Играть с ним хотится.
Он очень хороший.
Я разлучён с тобою, мишка,
мне без тебя Париж не мил,
стихов моих пожухла книжка
и жалко хохлится афишка,
свалялся бант, в слезах манишка.
Кто тебя на пол уронил!?
Твоя оторванная лапка,
как девья золотая прядь,
но скрылась за туманом шляпка,
без ножки стынет в спальне тапка,
цветов ненужная охапка
осталась в вазе умирать.
Взяла тебя судьба-злодейка,
любовь отъята навсегда.
Мне без тебя вся жизнь копейка,
мне помнится твоя шубейка,
с тобой я пел, как канарейка,
да не припомню уж – когда.
Кушетка, шкаф, комод, два стула,
на письменном столе пенал.
Где мишка? Будто ветром сдуло —
упал, свалился, запропал.
А смерть захлопнет жизни книжку,
увидите – поэт был прав:
опять роняет кто-то мишку…
комод… кушетка… старый шкаф.
Это всё, что от мишки осталось —
шерсти клок и лапа в руке.
Уронили – какая жалость
серебром холодит в виске
Одиноко и так печально
он лежит щекой на ковре,
так естественно и натурально,
словно шёлк на вашем бедре
Я куплю себе туфли к панаме,
лягу с мишкой грустить визави.
Вы сказали, не будет меж нами
ослепительно нежной любви.
Моя любимая хранила
меня от бытовых забот,
но мишку на пол уронила,
он завалился за комод.
Она и так, и сяк, и эдак,
но не достать его никак.
Комод тяжёл. Позвать соседок?
Ведь засмеют – какой пустяк!
Моя любимая не знала,
что делать? Шваброй зацепить?
Но только лапу оторвала
и не к чему её пришить.
Со лба стирала пот солёный
и снова пробовала, но
не получалось. Я, влюблённый
в неё, следил за ней давно.
В царапинах родные руки,
в глазах печаль, морщинок сеть,
в груди клокочущие звуки…
Ну как такое не воспеть!
Свалился мишка за диван —
не затолкали, не уронили,
свалился сам, хоть был не пьян,
а что мы пили? Ну что мы пили?
Ну пригубили по семьсот,
а тут гляди какой компот!
Сидели мирно и привет,
и мишки нет, и мишки нет.
А кто-то пробурчит, что, мол,
нашёл местечко, нашёл местечко,
свалился лучше бы на пол
или на кресло, или на печку.
Спрошу его, о чём базар,
а что – остался Солнцедар?
Мы сами знаем, что почём.
А вы при чём, а вы при чём?
Ему б глоток – медикамент,
так, для поправки, так, для нахрапу.
Пусть что угодно, хоть абсент.
Но мишке-то пришейте лапу.
Он всех кого куда послал,
всем козью морду показал.
Он лапой сделал всем привет —
ну той, что есть, не той, что нет.
Я б к трём вокзалам мигом, враз —
чего филонить по-философски? —
И мишке точно б лапу спас,
как Склифосовский, как Склифосовский.
Он кореш мне, он мой братан.
А, может, к мишке за диван,
чем здесь несолоно хлебать,
и там лежать, и там лежать?
Мишку на пол уронили, лапа мишкина больна,
чёрный лебедь, ворон белый, выпил литра два вина,
но вино не заглушало плача сердца моего:
«Мир лишь луч от лика мишки, всё иное тень его!».
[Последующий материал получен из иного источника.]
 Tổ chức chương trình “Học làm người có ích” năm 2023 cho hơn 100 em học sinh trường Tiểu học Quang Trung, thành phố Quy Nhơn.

Я в отчаяньи смотался в близлежащий гастроном
и до ночи утешался окровавленным вином,
но вино не утешало, и рыдало естество:
«Мир лишь луч от лика мишки, всё иное тень его!».
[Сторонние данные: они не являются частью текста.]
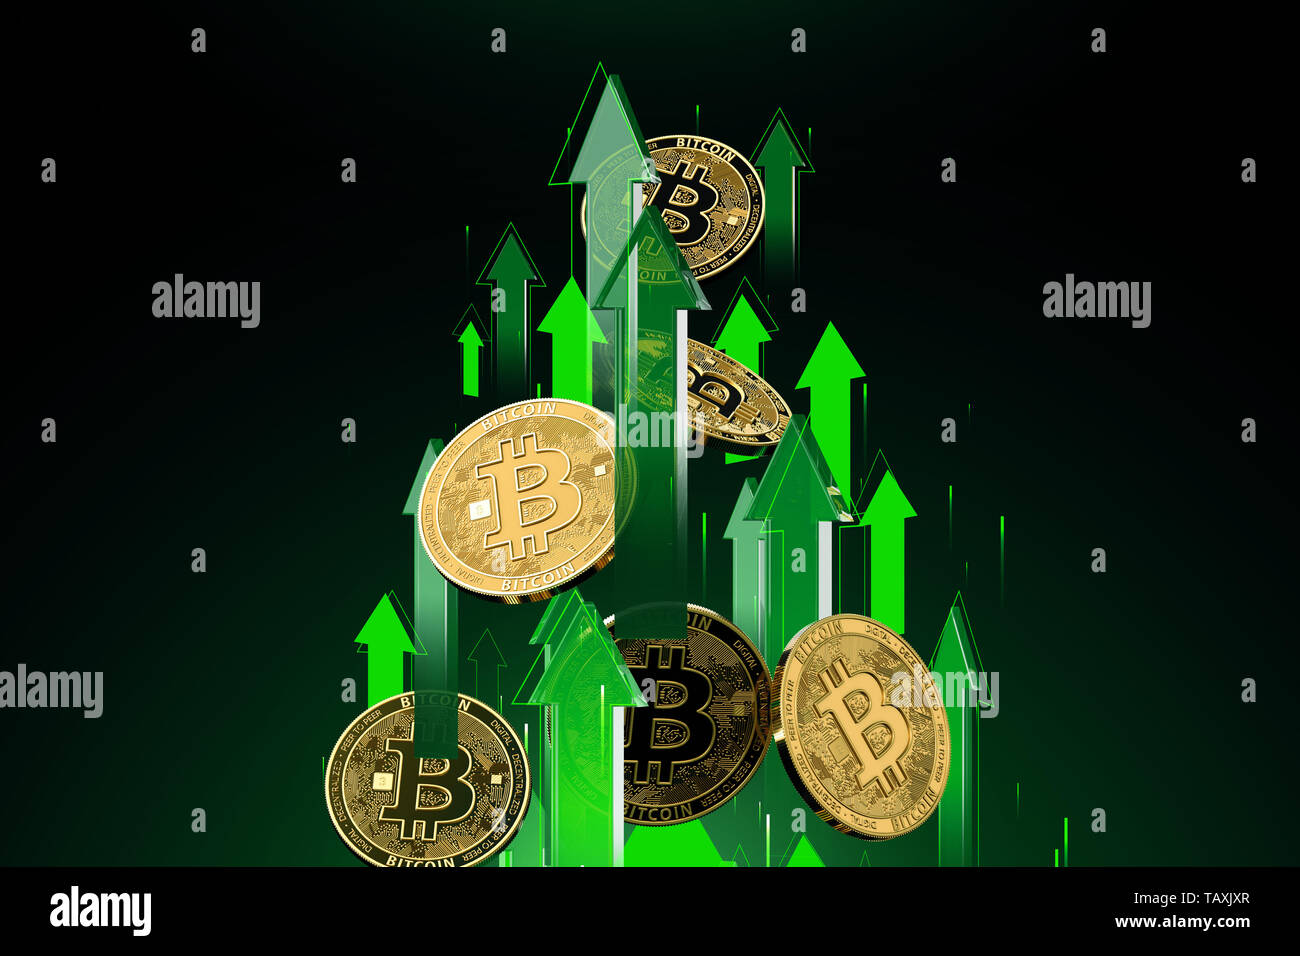 Grüne Pfeile Aufnahmen mit hoher Geschwindigkeit wie Bitcoin (BTC) Preis steigt. Cryptocurrency Preise wachsen, hohes Risiko - hohe Gewinne Konzept. 3D-Rendering Stockfoto

Обошёл я всю квартиру, надо ж мишку отыскать,
заглянул под шкаф, за фикус, в чемодан и под кровать —
соловей без батарейки, пыль и больше ничего.
Мир лишь луч от лика мишки, всё иное тень его!
Всё равно его найду я. Но уж больно ночь темна
и пока светлей не станет, я ещё приму вина.
Пьяный дервиш мне приснится: «Никакого qui pro quo!
Мир лишь луч от лика мишки, всё иное тень его!»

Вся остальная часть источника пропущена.